Data for the task
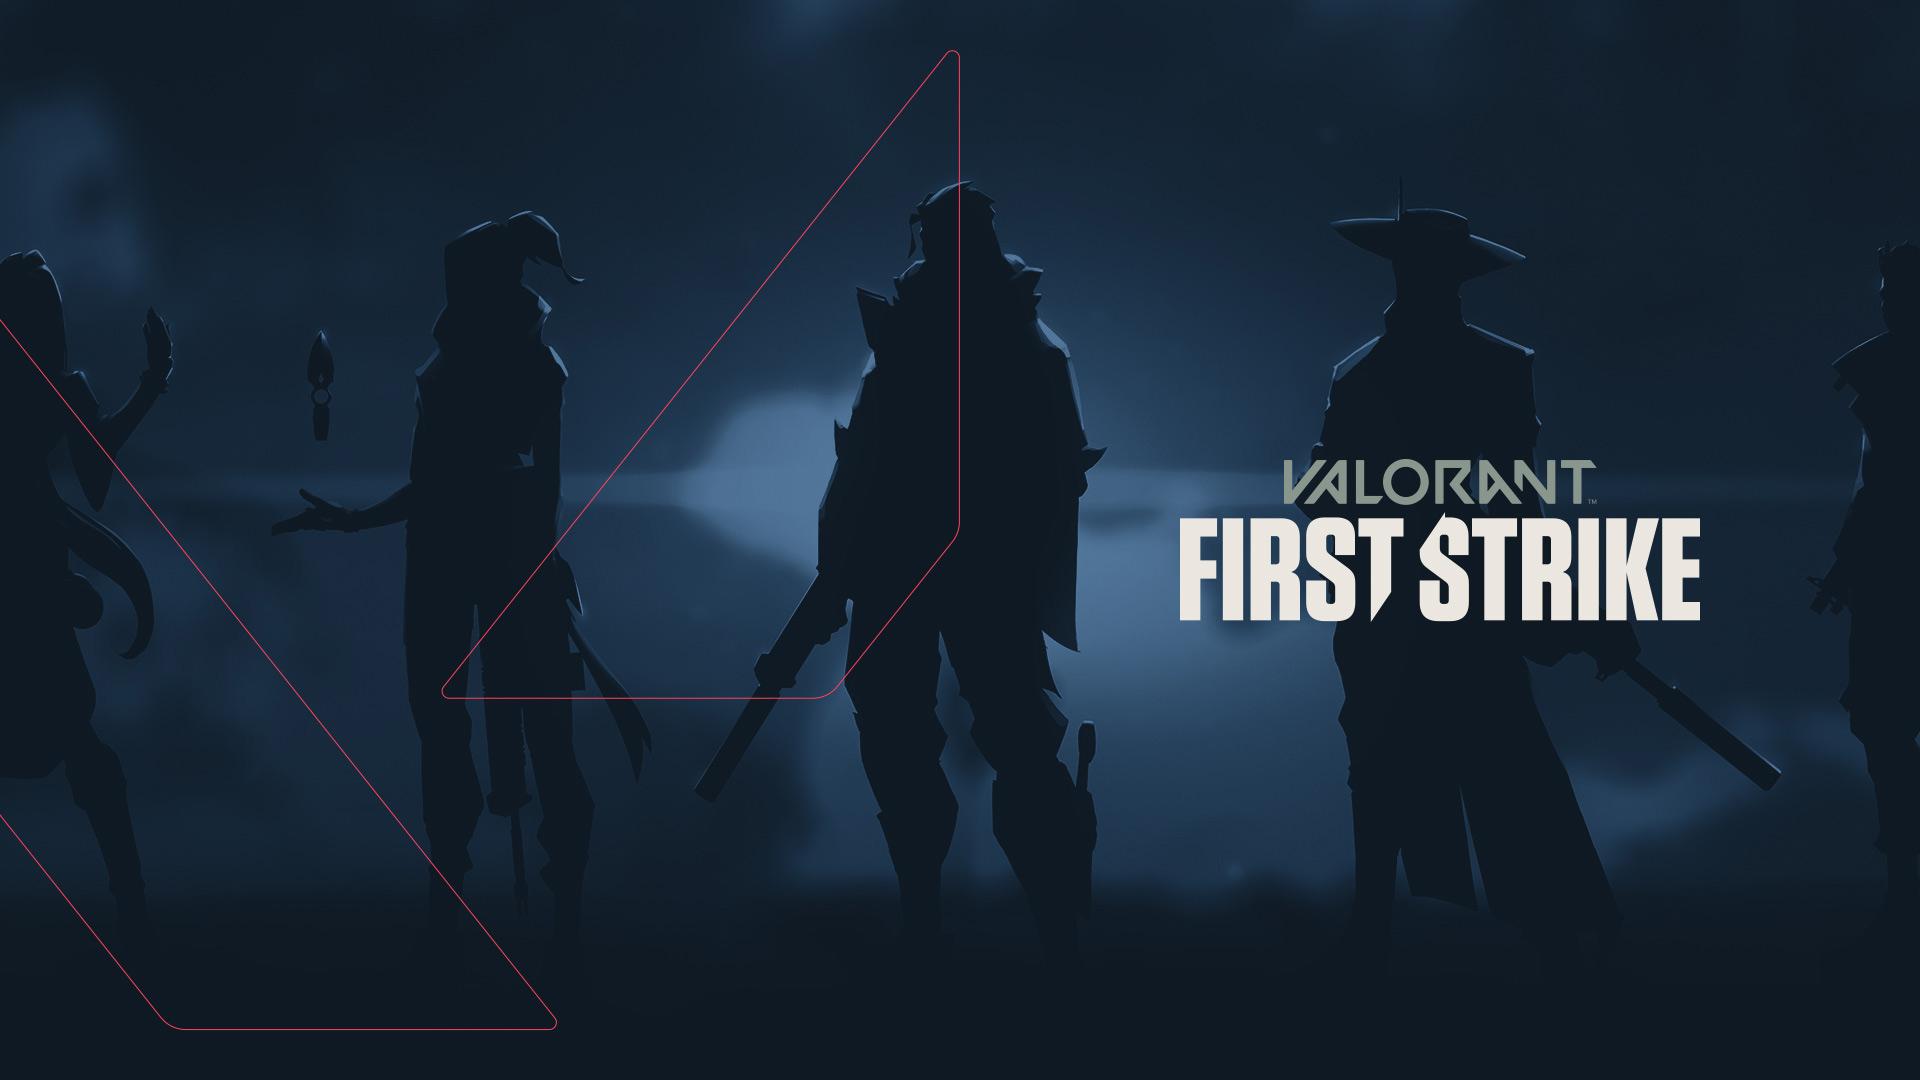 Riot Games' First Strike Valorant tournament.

* * *

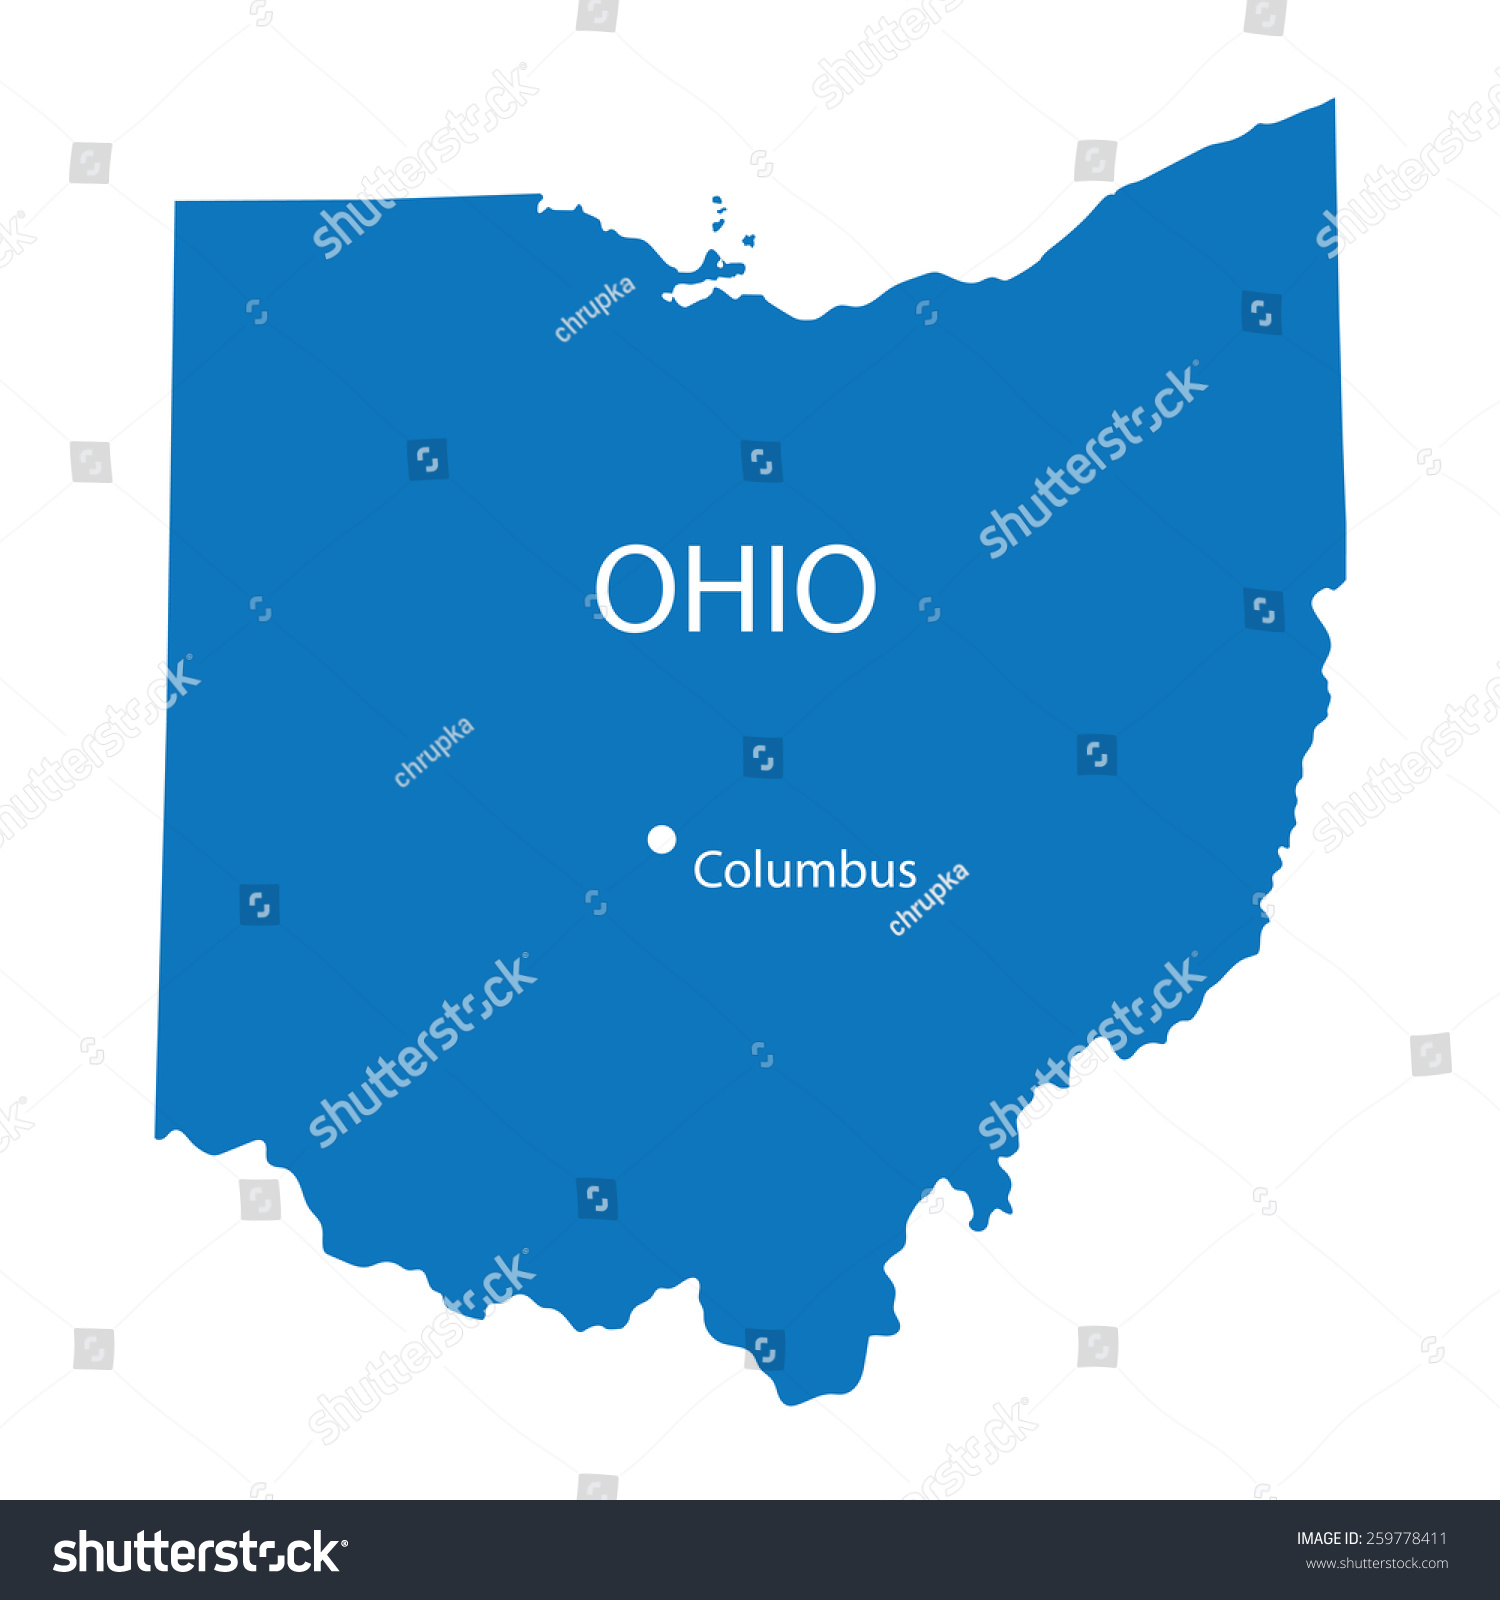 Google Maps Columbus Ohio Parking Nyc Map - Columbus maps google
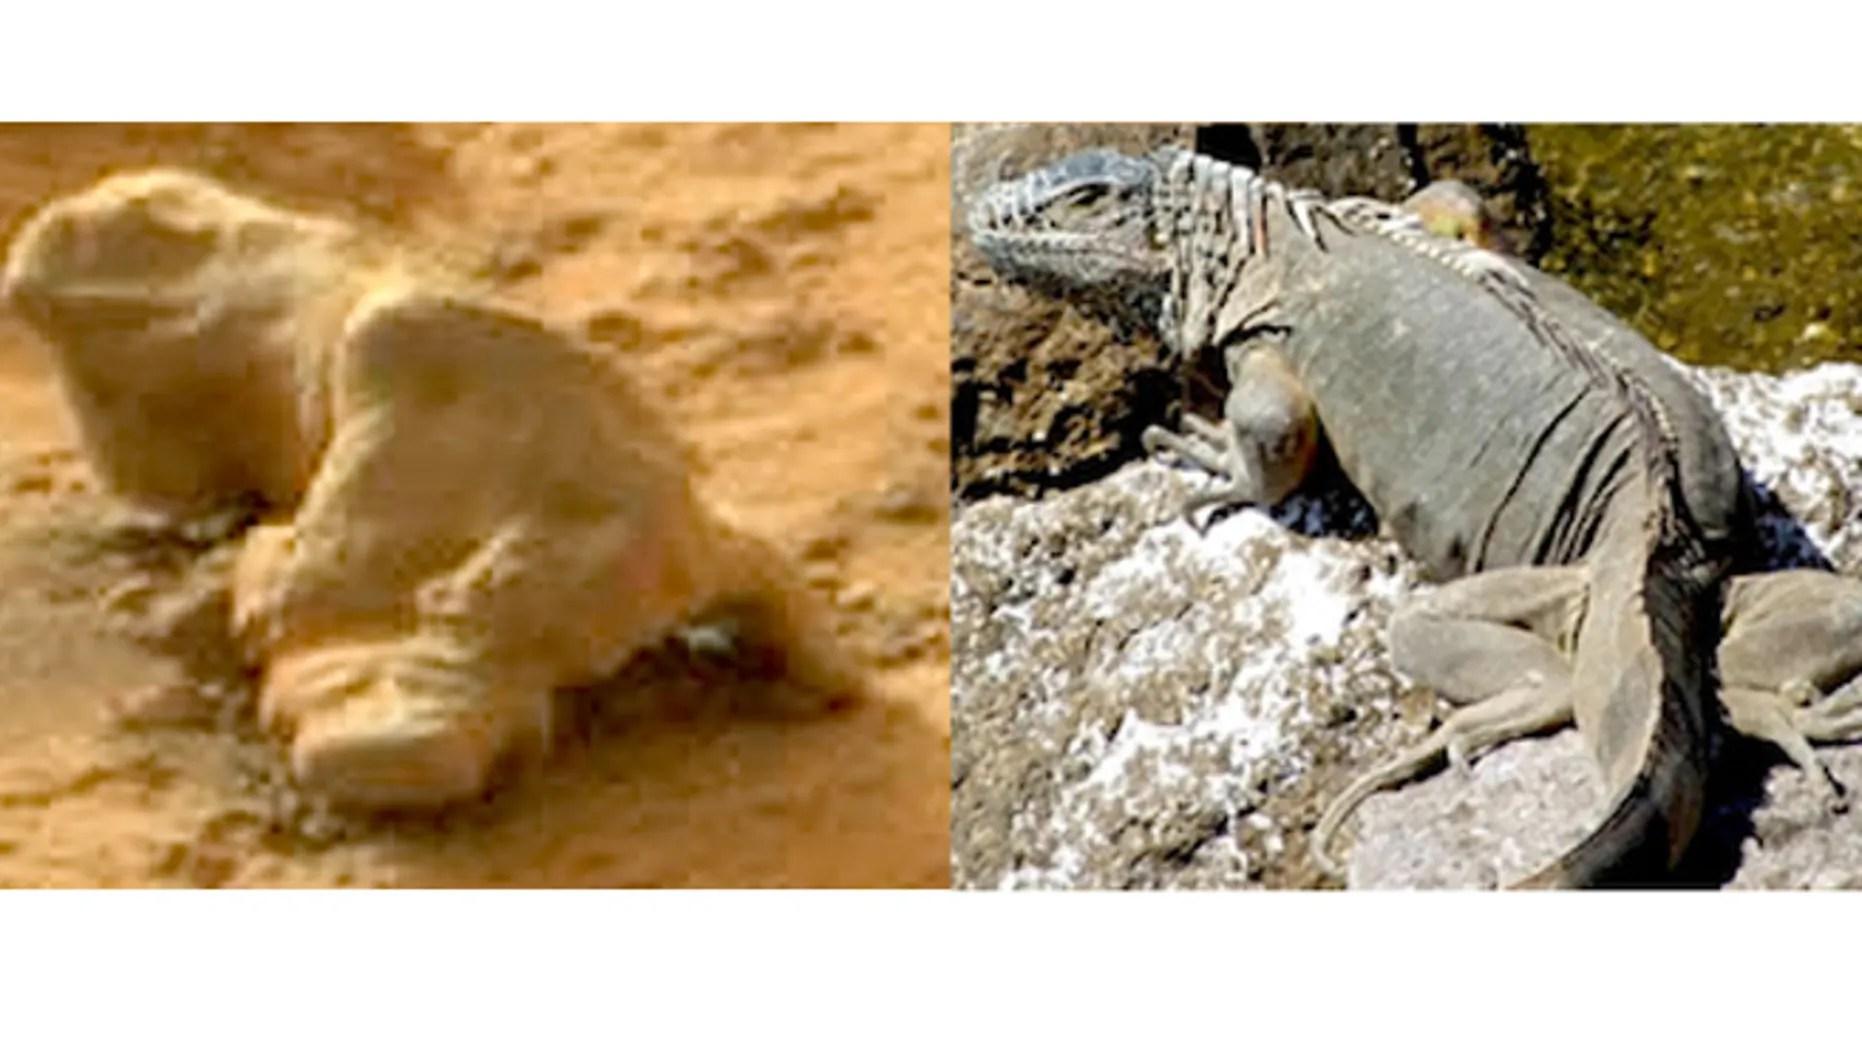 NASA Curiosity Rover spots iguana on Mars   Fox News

* * *

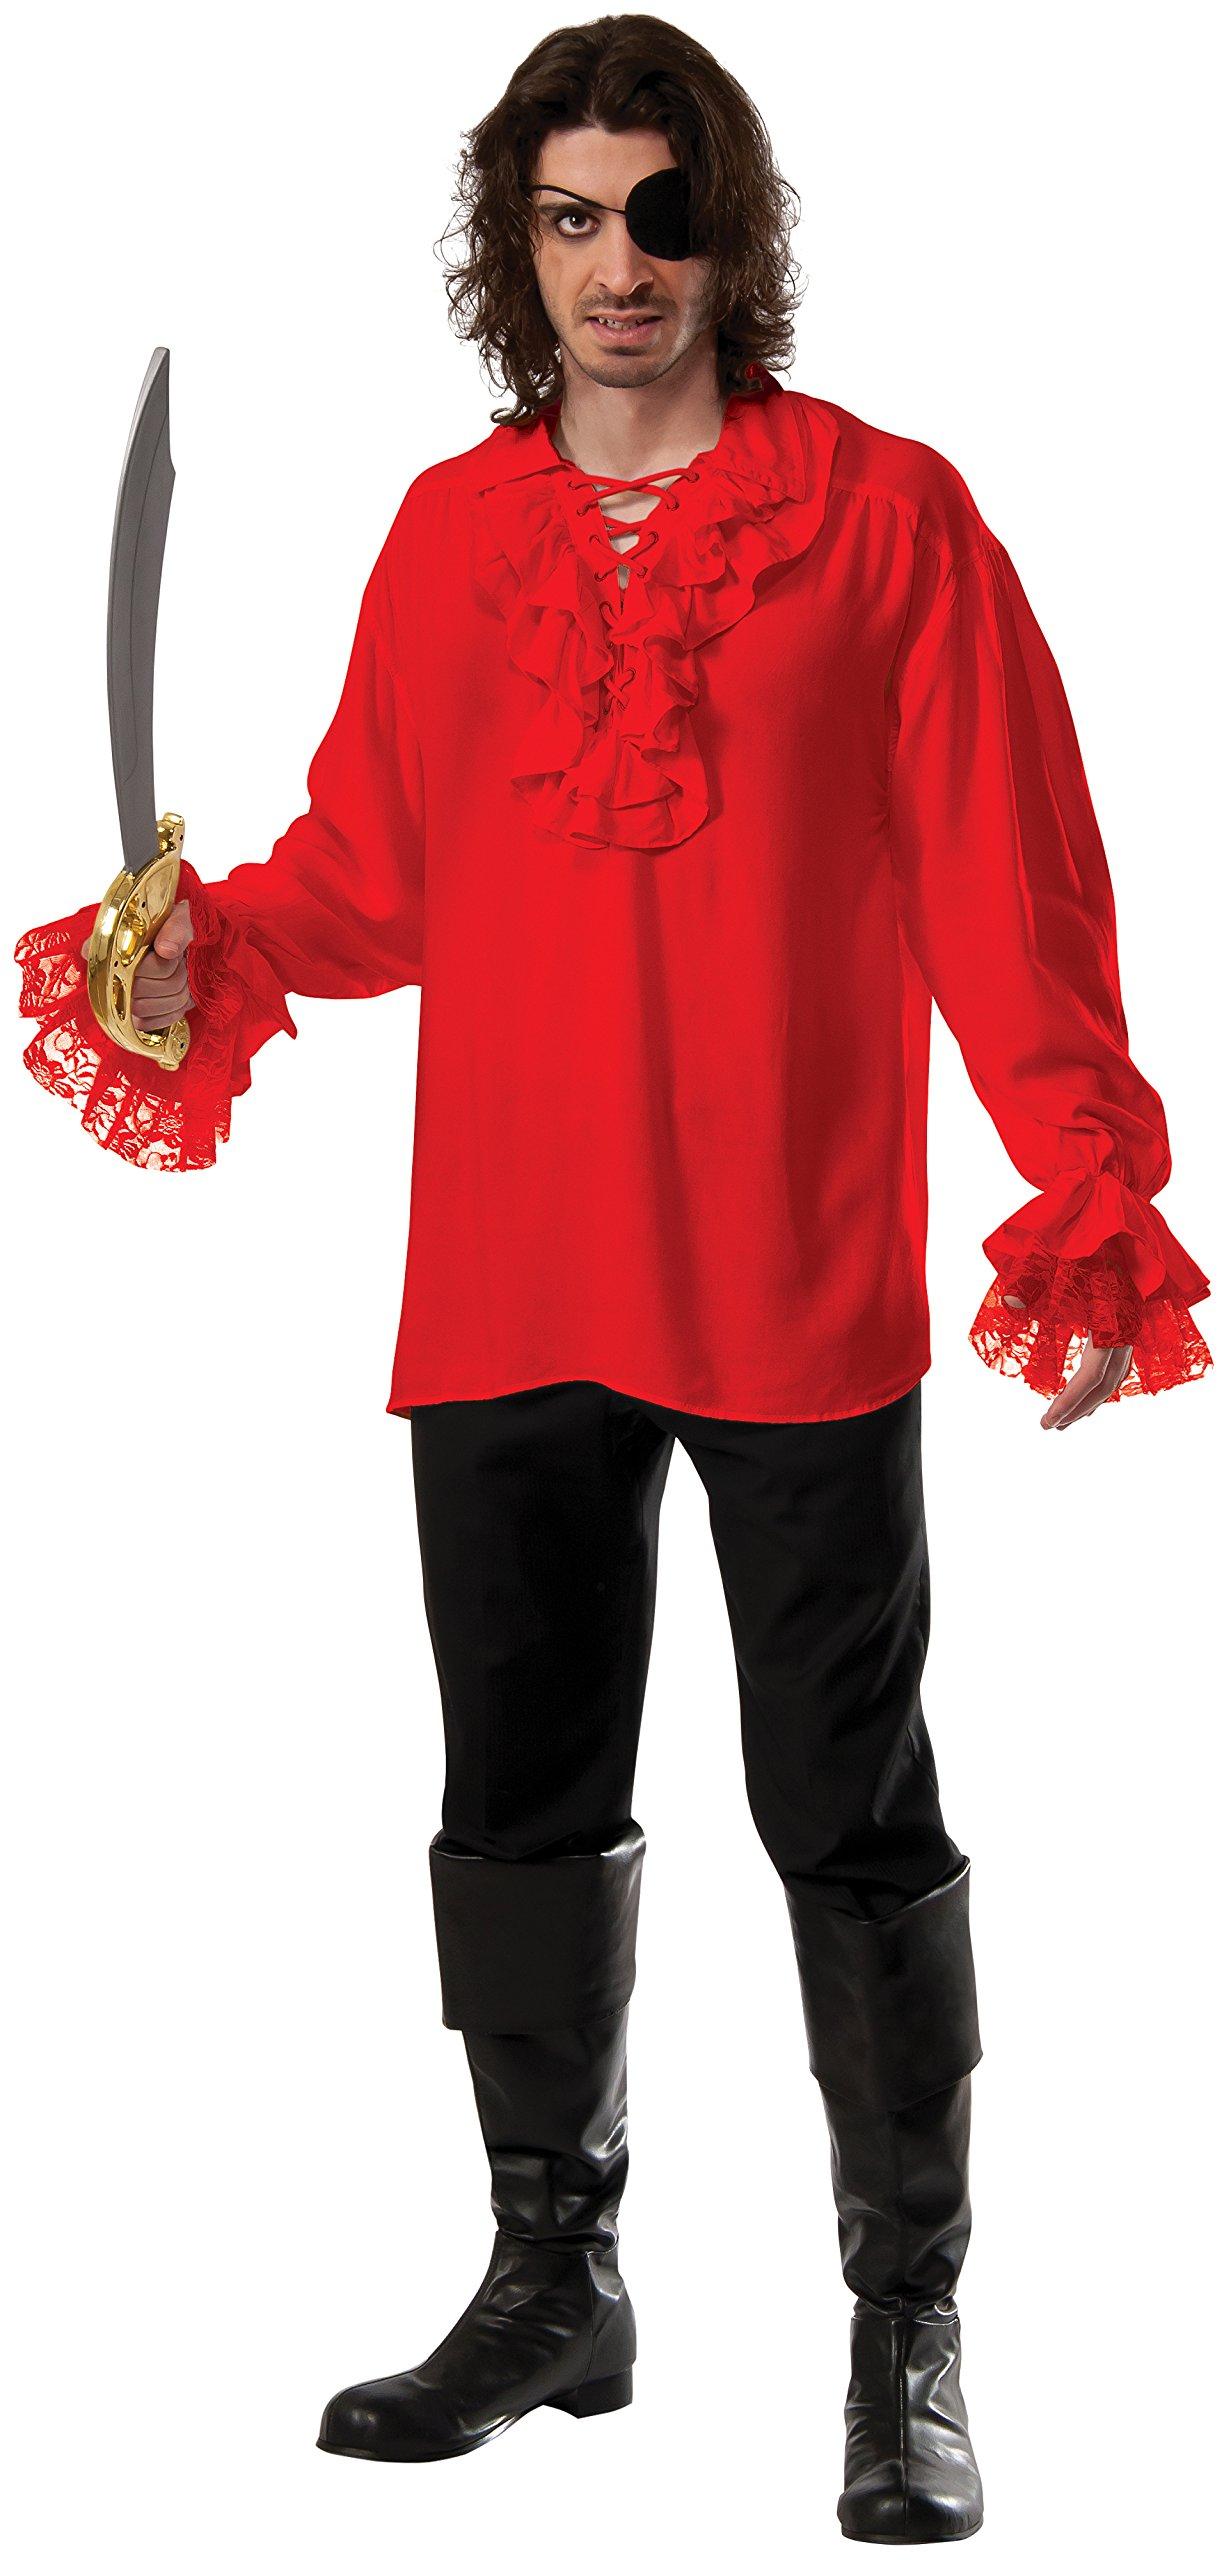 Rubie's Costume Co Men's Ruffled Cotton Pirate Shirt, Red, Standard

Problem
Output exactly the lines above that lie between the line with "Google Maps Columbus" and the line with "NASA Curiosity Rover", those two lines included, and no pictures.

Response box
 Google Maps Columbus Ohio Parking Nyc Map - Columbus maps google
 NASA Curiosity Rover spots iguana on Mars   Fox News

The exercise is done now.